The two-time gold medal winning Olympic champion said she realised she was gay at the age of 18 after kissing a fellow female soldier, and that her family and friends have known since 1997. Dame Kelly struggled with her mental health because of having to hide her sexuality, and that she had to keep several same-sex relationships she had during her time in the Women’s Royal Army Corps secret, for fear of being court marshalled.
Now, Dame Kelly, an Honorary Colonel with the Royal Armoured Corps Training Regiment, is using her platform to encourage others affected by the ban to come forward and share their story. "What this review is doing is trying to get as many veterans to come forward to give their voice so that we can establish the extent of the impact it’s had on people's lives,” Dame Kelly told ITV News. A damning judgment by the European Court of Human Rights in September 1999 said the policy was a “grave interference” in people’s private lives. Although the ban was lifted two decades ago, there are still people suffering from the ban’s effects to this day, she said.
Although she loved being in the military, Dame Kelly felt she had to hide who she was over fears of 'ruining your whole career'
"What we're hoping the review will achieve is that it will force the government to come back with some public recognition, in some places some compensation, more importantly that those veterans who have been absolutely terrified feel they have finally been heard," she told ITV News’ Sejal Karia. "I want as many veterans to come forward [as possible], I believe it's our right as people that have served the Crown, served the country, that are absolutely people that are normally celebrated as our forces, to come forward and say their piece." She added: "I don't want people to be scared anymore, I don't want people to live the life that I've lived.

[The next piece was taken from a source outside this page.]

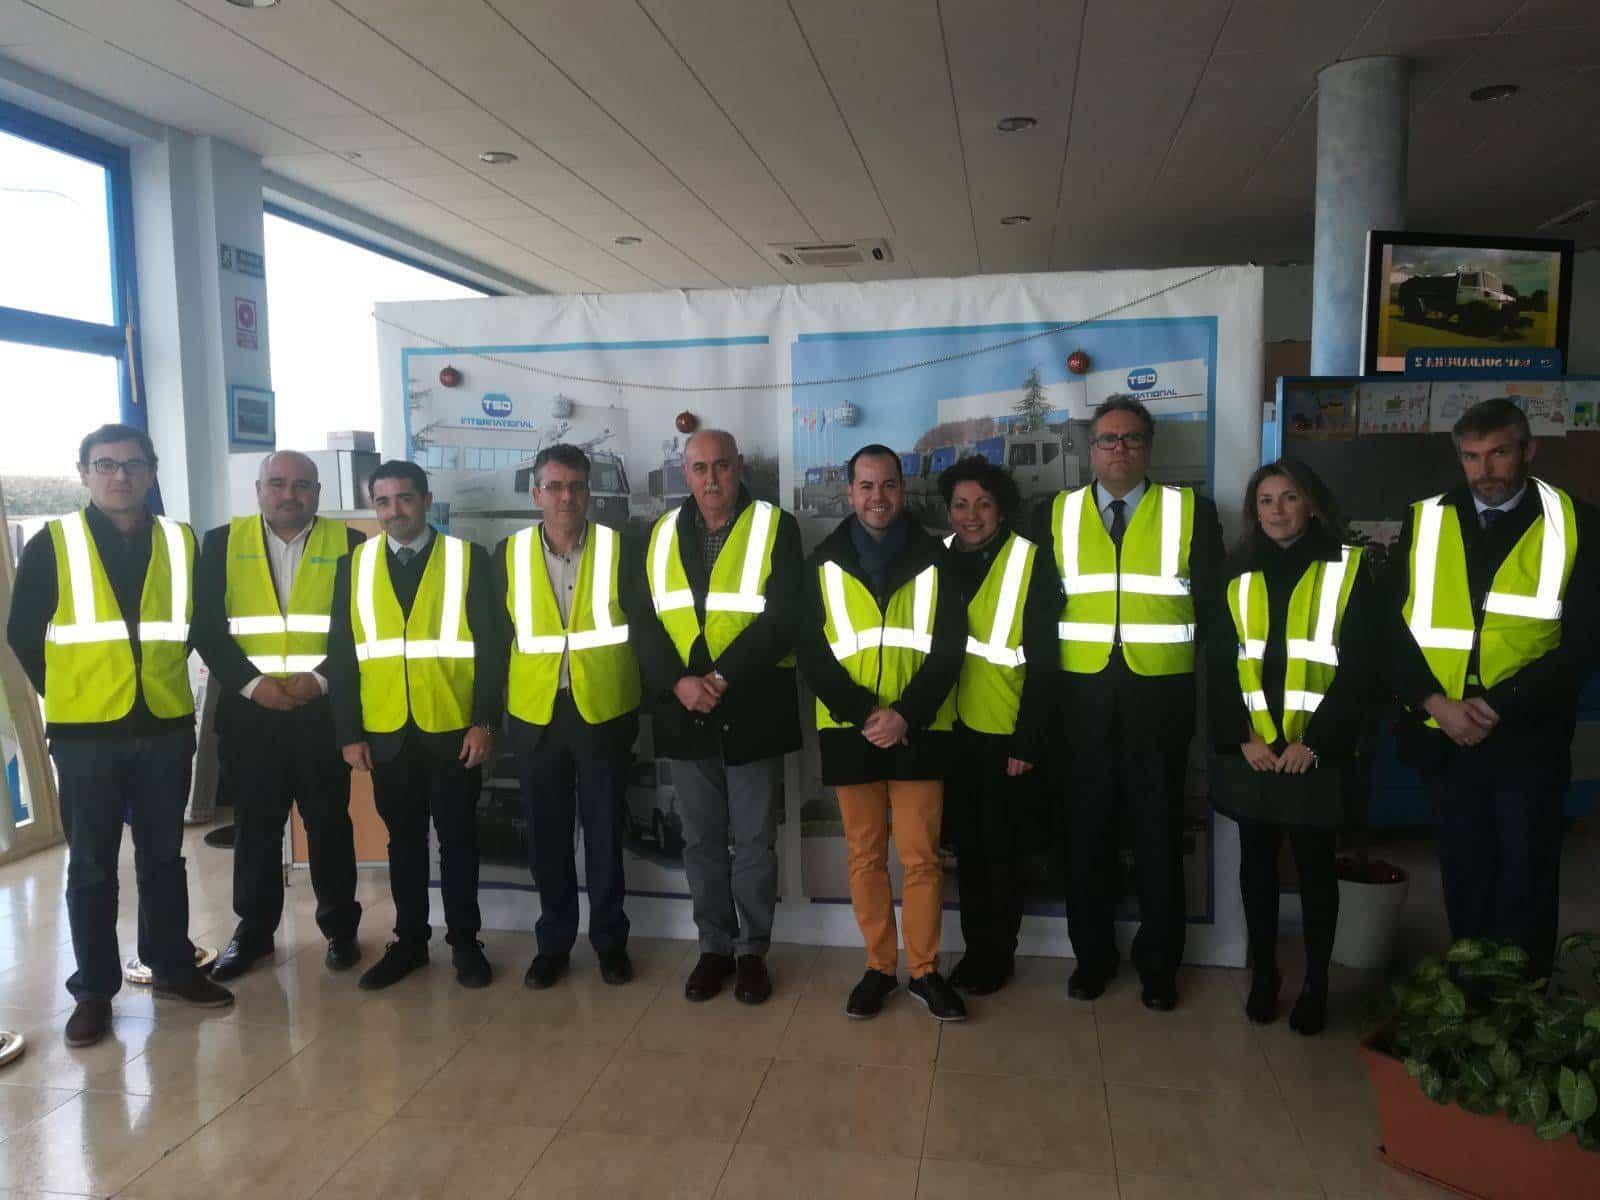 Director General de Empleo visitó TSD-DIVISEGUR en Herencia 5

And I think they deserve to be heard."
The armed forces has come a long way since 2000, she said.
In the same year the ban was lifted, Dame Kelly won a bronze medal in the 800m race at the Sydney Olympics. But yet she lived in fear for 34 years that she could still get in “trouble” under the defunct law, she said. Living in fear for so long had a "massive impact" on Kelly's mental health, and led to her feeling frightened that she would never be able to be her true, authentic self. "When you can't be yourself, you feel isolated, so lonely, so locked into who you are that you use your sport and your exterior as your way of being," she said.
She told ITV News that at her lowest point, she had a "serious breakdown" during which she feared she was "going to do something really bad" to herself. "I've been a self harmer and I hadn't self harmed since my mum passed away in 2017 but that night, all I could visualise was me going down, getting a knife, and doing something pretty bad to myself and at that stage, I didn't want to be here." She continued: "But I knew I had more to give. I knew I don't want to die, I wanted just to live. I just knew that to free myself I just had to do something that allowed me to find that freedom and the first part of that was to call someone in the military to say 'what would happen to me?' "I've had this real complex journey with the military. I loved my career and everything it brought to me and everything I ever wanted. I've hated being in an institution that made me and others feel so rejected and so wrong - It's just being who you are."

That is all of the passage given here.